December 7, 2009 – Pawking de Caw, Louisiana-style
We have been blessed and plagued throughout this journey by “low season”. Empty campgrounds without need for reservations have prevailed but so have “closed for the season” signs and – have I mentioned this before – unseasonably poor weather. The Natchez, Mississippi tourist brochure spoke glowingly about civil war mansions, slave-sale markets and the jaded history of this barge-transport town, situated on the banks of the mighty Mississip’. Not surprisingly we were the sole visitors aboard the bus for the excursion.
Doris our congenial hostess/driver was 60ish, dressed in a candy-apple velour top, with crushed-velvet brown track pants and matching chapeau, white sneakers and a nappy wig. Doris bore an uncanny, almost disconcerting, resemblance to Morgan Freeman in drag.
She spoke non-stop during the 75-minute citywide tour. In that hour and fifteen minutes we understood precisely four of the words she uttered.
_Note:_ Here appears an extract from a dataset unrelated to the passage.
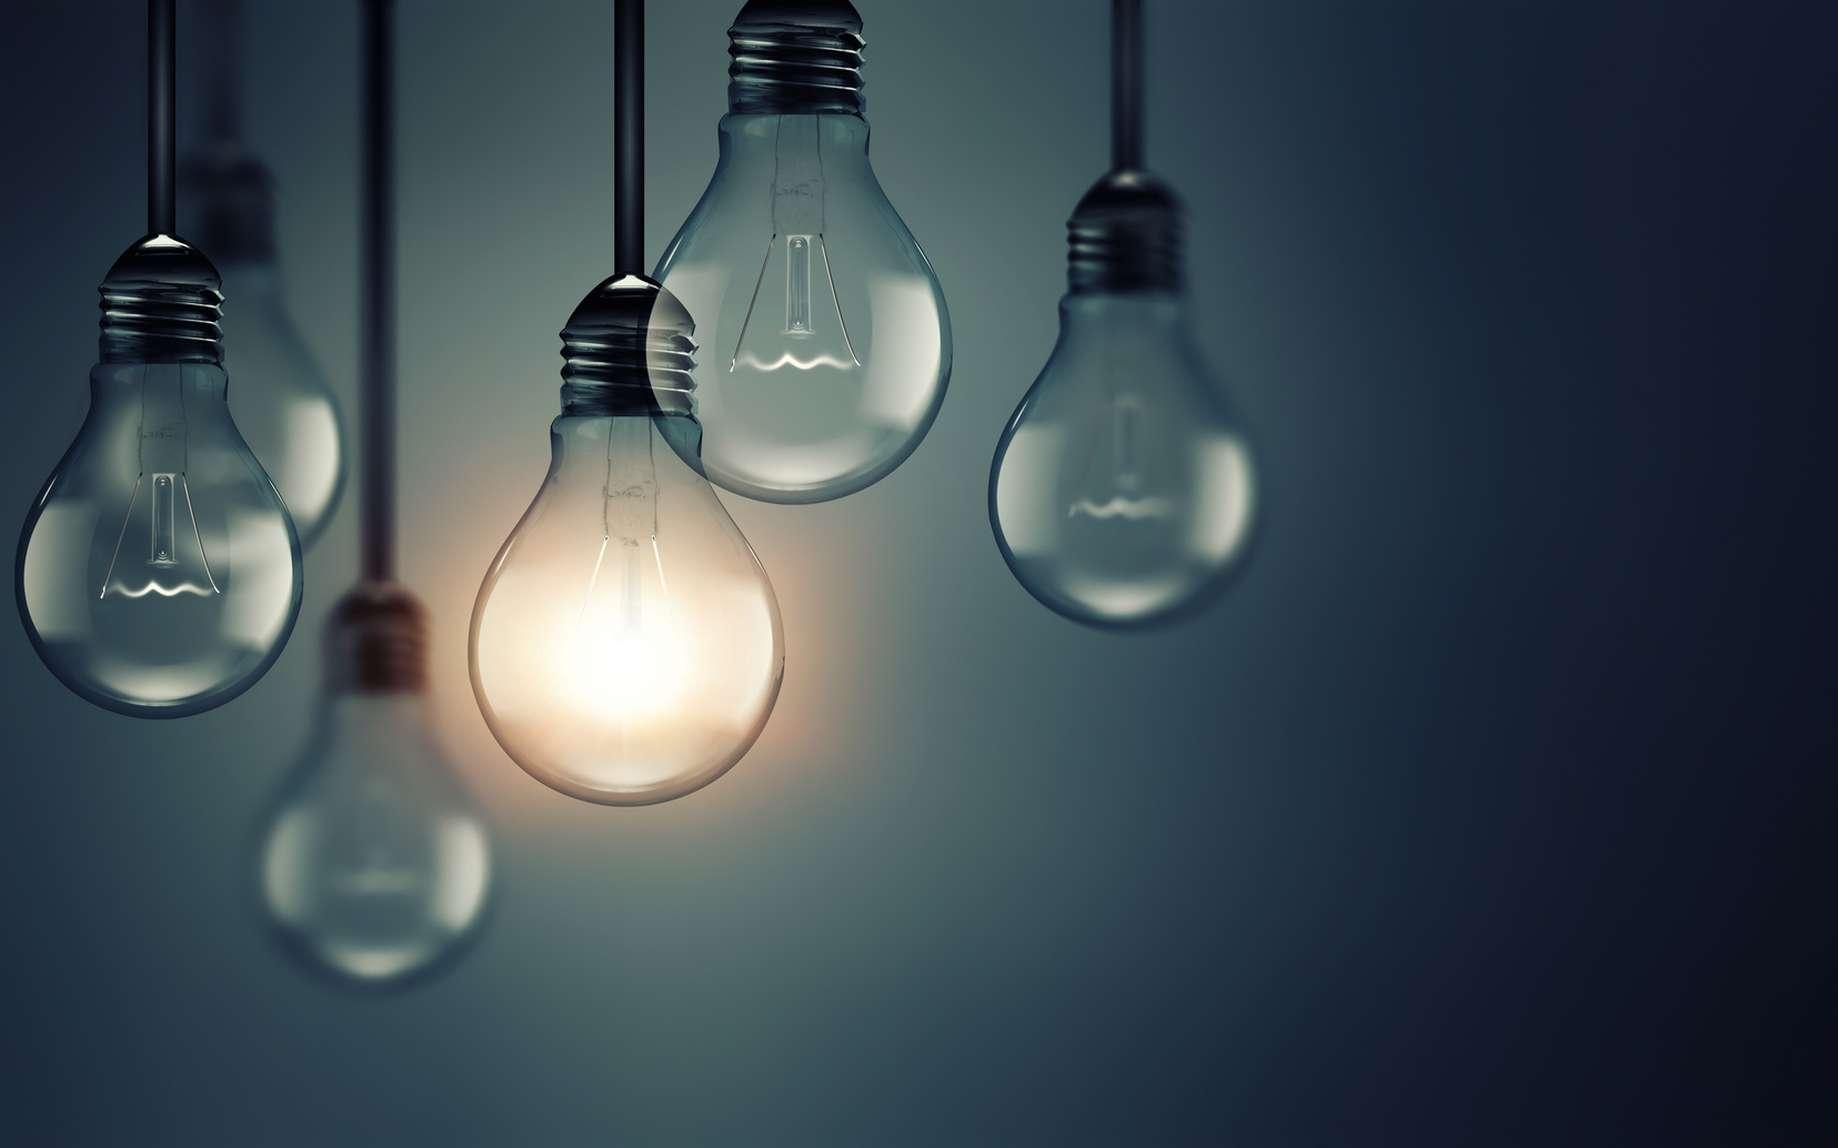 Les ampoules à incandescence exploitent l'effet Joule. Chauffé à plus de 2.200 °C, le filament de tungstène qu'elles contiennent émet en effet un rayonnement. © Noé LECOCQ, Wikipédia, CC by-sa 2.5

Three times she said, “Natchez” and once she said, “barber”. I think.
The rest of the time we just nodded politely at her incomprehensible dialect, like a couple of Bulgarian émigrés.
After genuine southern bar-b-que at the aptly named “Pigs’r’us”, we arrived at the Mississippi Riverside Campground in darkness, delayed by the circuitous road around the levee. I chatted for a while with the camp host in the office, a chap originally from the New Orleans area.
“Pretty quiet tonight,” he said in his unique southern Louisiana cadence. “Where would you like to pawk de caw?”
“In the back of the van, same as every night,” I replied, uncertainly.
Across the Mississippi river from Natchez, lies Louisiana. Vidalia, LA is like Hobbema, Alberta but while oft flooded and burnt, seems to enjoy a higher rate of unemployment.
As we exited Vidalia a sign announced “Fresh Coons”. I saw no alternative. I slammed on the binders and made a quick u-turn – nearly taking out a man in the ditch as I braked. This pinstriped frontrunner was part of a contingent of inmates from the Louisiana State Department of Corrections, guarded closely by disinterested shot-gunned armed guards. I surreptitiously snapped a photo of these shackled ditch-cleaners and then turned backed toward the ‘coon joint.
We stepped inside. It was Friday afternoon at 2 pm and the owners were closing up, engaged in the revelry of a near-record $200 day of fish and road-kill mongering. We spent an engaging twenty minutes immersed in the fine art of properly cooking a ‘coon, “the secret is slow cookin’ in plenty of butter and sweet ‘tater”, before we made our apologies and continued down the road, loaded with a gratis bag of buffalo fish for supper.
The snow really set in just as we drove across the Red River causeway into Natchitoches, a small town in central Louisiana. NAK-a-tish (that’s how it is pronounced!) is the oldest settlement in the Louisiana Purchase, founded in 1819, four years before New Orleans. Unlike the counties of other states Louisiana has parishes. We stopped to acquire a bottle of pinot noir in tribute to LA’s French heritage. Locals informed us in a thrilled tone that there had not been snow in Natchitoches in nine years. We controlled our elation.
After a sleepless night at L’otel d’Wal-Mart we awoke to a rare sunny morning. Coincidentally we had arrived in Natchitoches on the auspicious occasion of the annual Christmas candle-lighted-barge parade on the Red River. Although there was frost on the ground we decided to give this town of 18,000 – which swells to 150,000 people for this one day of the year – a quick once over before heading on to Shreveport and thence on to Dallas, Texas five hours up the interstate.
We mingled with hundreds of revelers at noon down Front Street, past riverfront villas – including the 1830’s “Steel Magnolias” mansion where the movie was filmed – all hosting private parties for the Tow elite on this special occasion. We detected the sound of a live band from behind one parade-front mansion. I craned my ear – and my legs – toward the sound but was rebuffed by a uniformed sheriff hired to keep the riff-raff out of this exclusive venue.
“That’s live music. Cajun.” I said a little loudly, uncharacteristically.
“That it is” said a gruff goateed man standing inside the gate. “I’m Terry. The owner. What can I do for you?”
“Oh, nothing” I answered apologetically, “I was just mentioning to my wife that I detected the sound a live band.”
“Where you from?” he asked.
“Alberta, Canada” I replied quietly.
Serendipity attacked.
“Well come on in!”
Twelve hours later we stumbled out of Terry Sklar’s private party in Natchitoches, Louisiana, full to bursting with filet gumbo, smoked boneless piglet stuffed with dirty rice, slow roasted beef brisket, beverages o’ plenty, new friends and a giant respect for Louisiana hospitality. I’m told I made passing grades on the Cajun ti-fer, the rub-board and the fiddle… best I can recall.